Koret Board Co-President Dr. Anita Friedman and Director Yoav Potash pose at the premiere of “Among Neighbors” at the 2024 Warsaw Jewish Film Festival. Photo copyright Warsaw Jewish Film Festival/Maciej Jaźwiecki

This November, the new film “Among Neighbors” premiered at the Warsaw Jewish Film Festival. The film was executive produced by Koret Board Co-President Dr. Anita Friedman.

Combining evocative hand-drawn animation with revelatory interviews and verité footage, “Among Neighbors” examines Jewish-Polish relations through the story of Gniewoszów, a small, rural town where Jews and Polish Catholics lived side by side for centuries. At its core, the film zeroes in on the last living Holocaust survivor from the town, and an aging eyewitness who saw Jews murdered there — not by Nazis, but by her own Polish neighbors.

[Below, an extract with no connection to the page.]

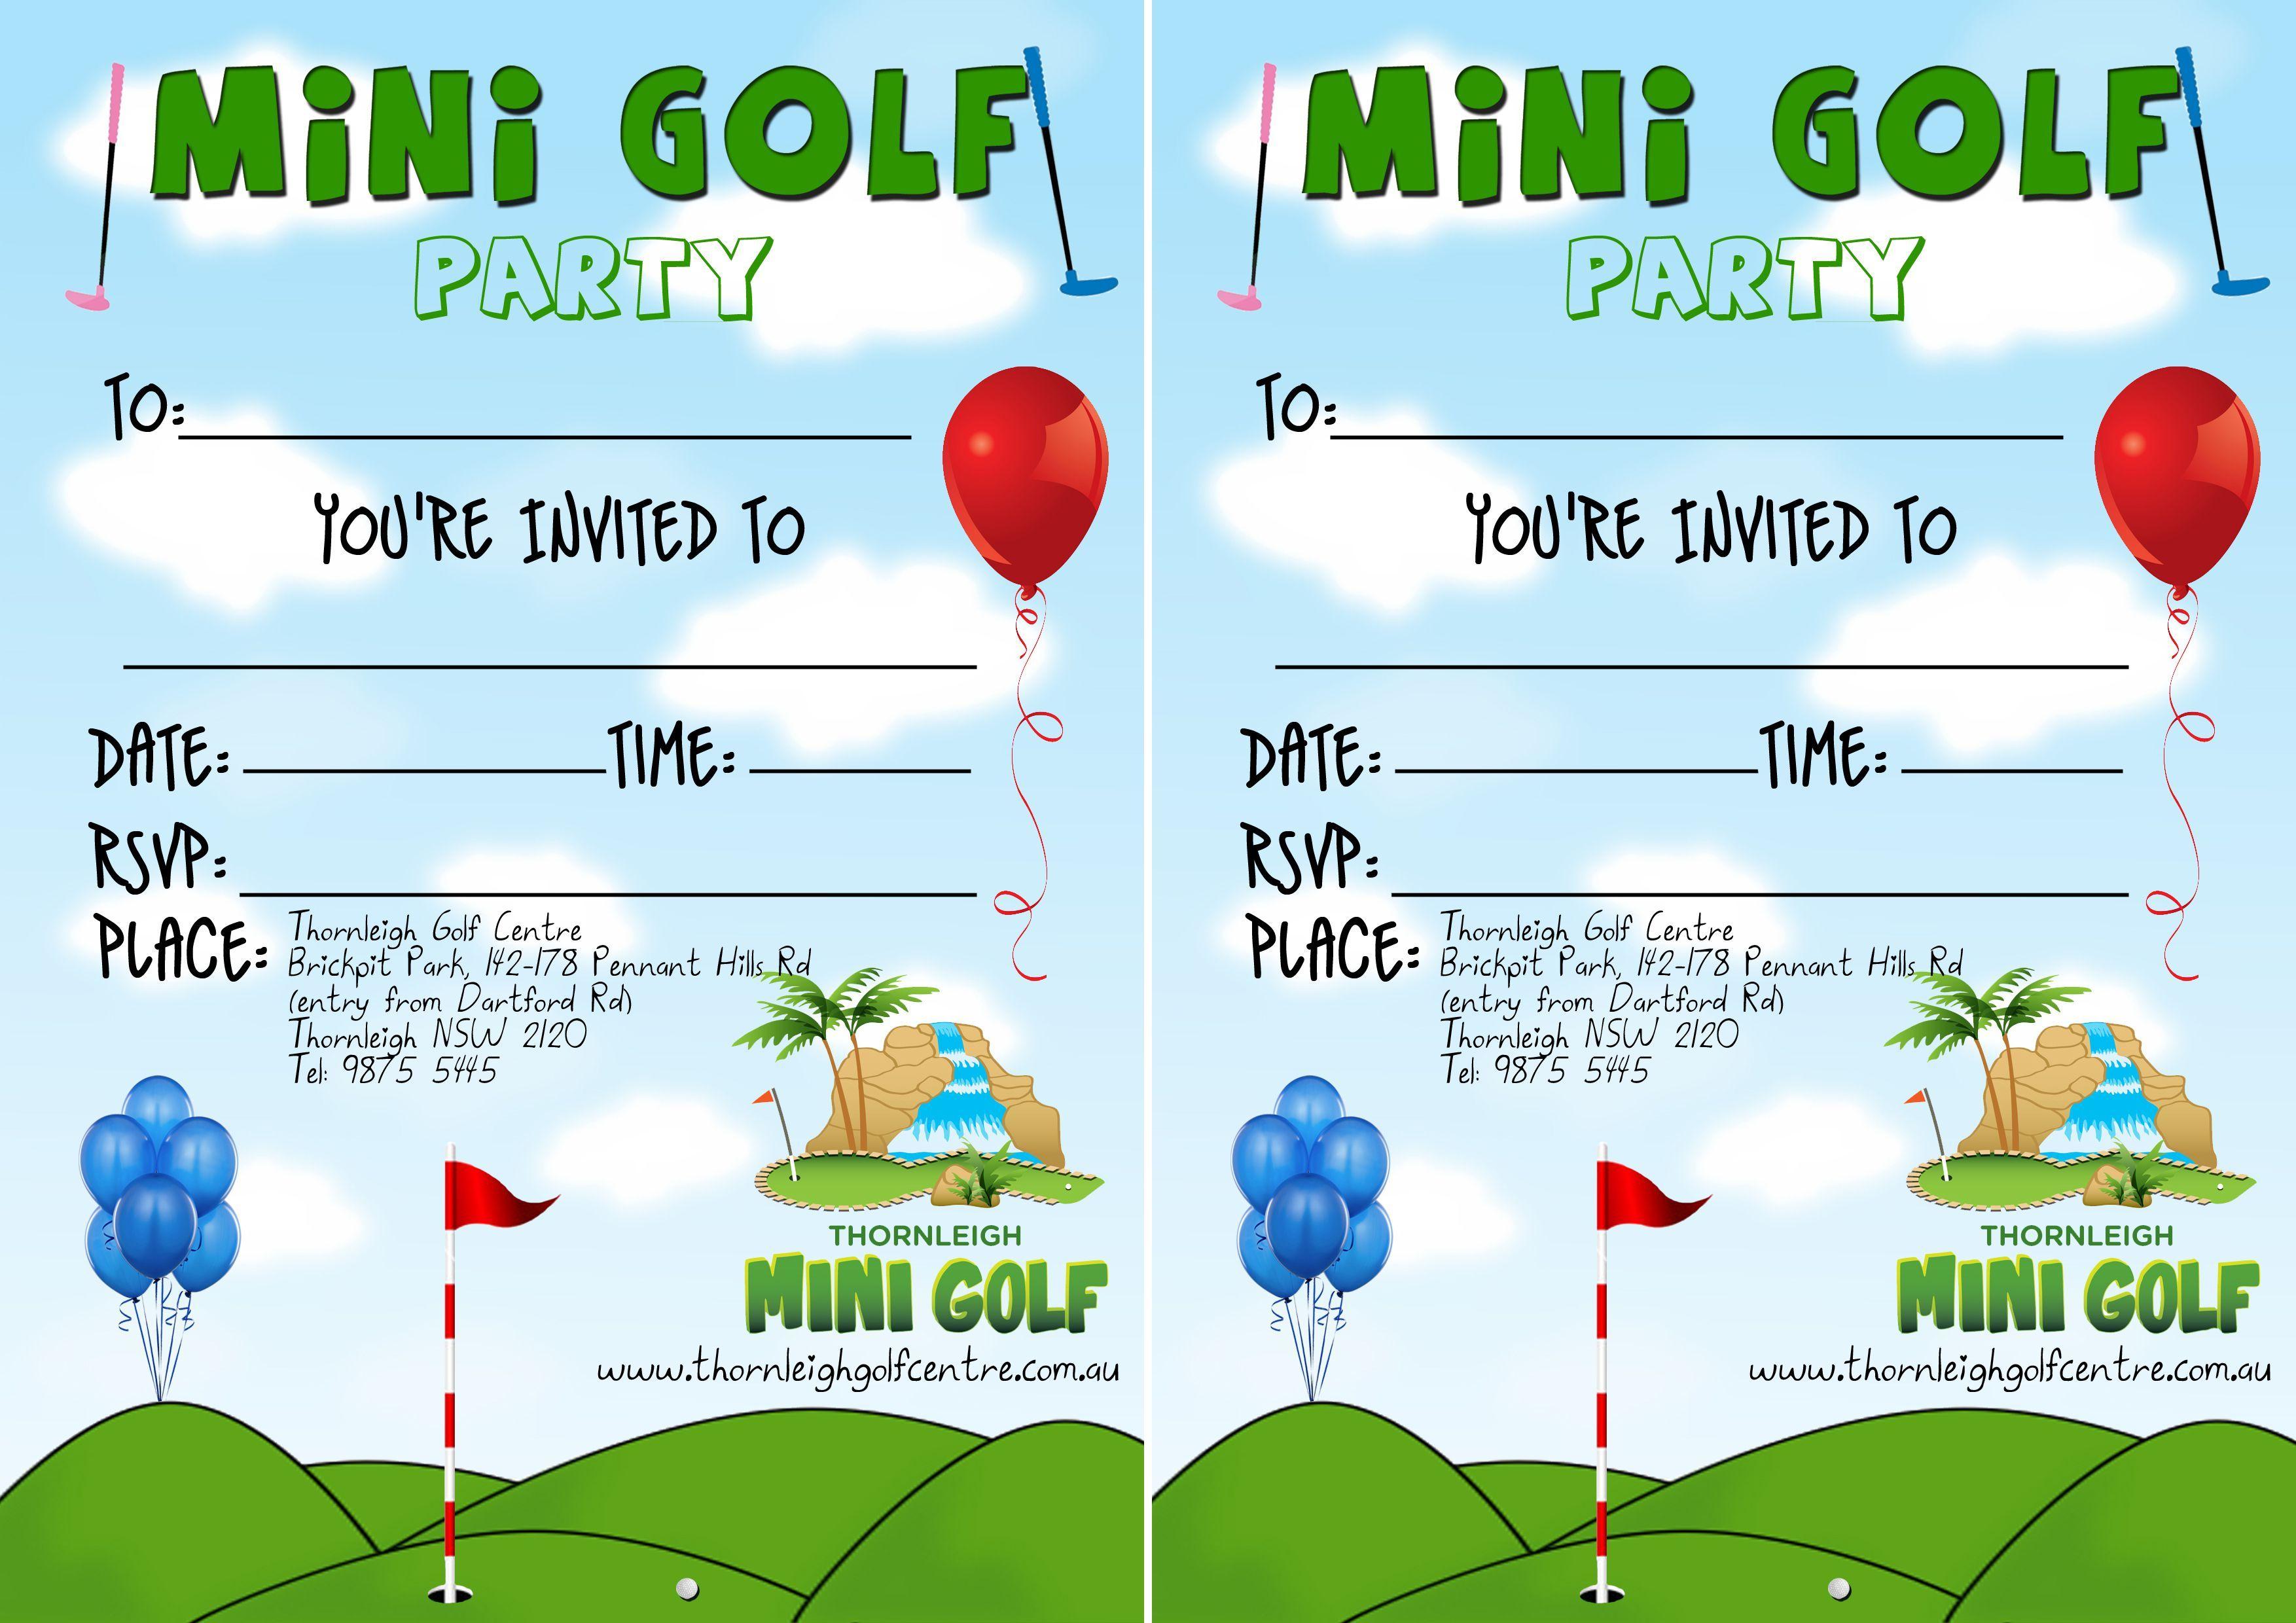 Lovely Einladungskarten Fur Geburtstage #10: Einladungskarten Geburtstag Minigolf

Today, all signs of Jewish life in the small town of Gniewoszów have vanished — even the Jewish tombstones disappeared, having been stolen from the destroyed cemetery. Now, a lifetime after the Holocaust, award-winning American filmmaker Yoav Potash (“Crime After Crime,” Sundance Film Festival) unearths the deepest mysteries of this town, revealing both the love and the hatred that local Poles felt for their Jewish neighbors. The town’s oldest residents, in the twilight of their days, divulge secrets held their entire lives, and their stories come to life in stunning animated scenes, accented by artful touches of magical realism. Ultimately, their collective, heartfelt account lays bare the manner in which ordinary Polish townsfolk made life and death choices about their Jewish neighbors, with decisions that reflect both the very best and the very worst of human nature. As this history is now questioned and whitewashed in favor of a more “patriotic” and politically popular narrative, “Among Neighbors” shows how true patriotism means embracing the truth, no matter how painful it may be.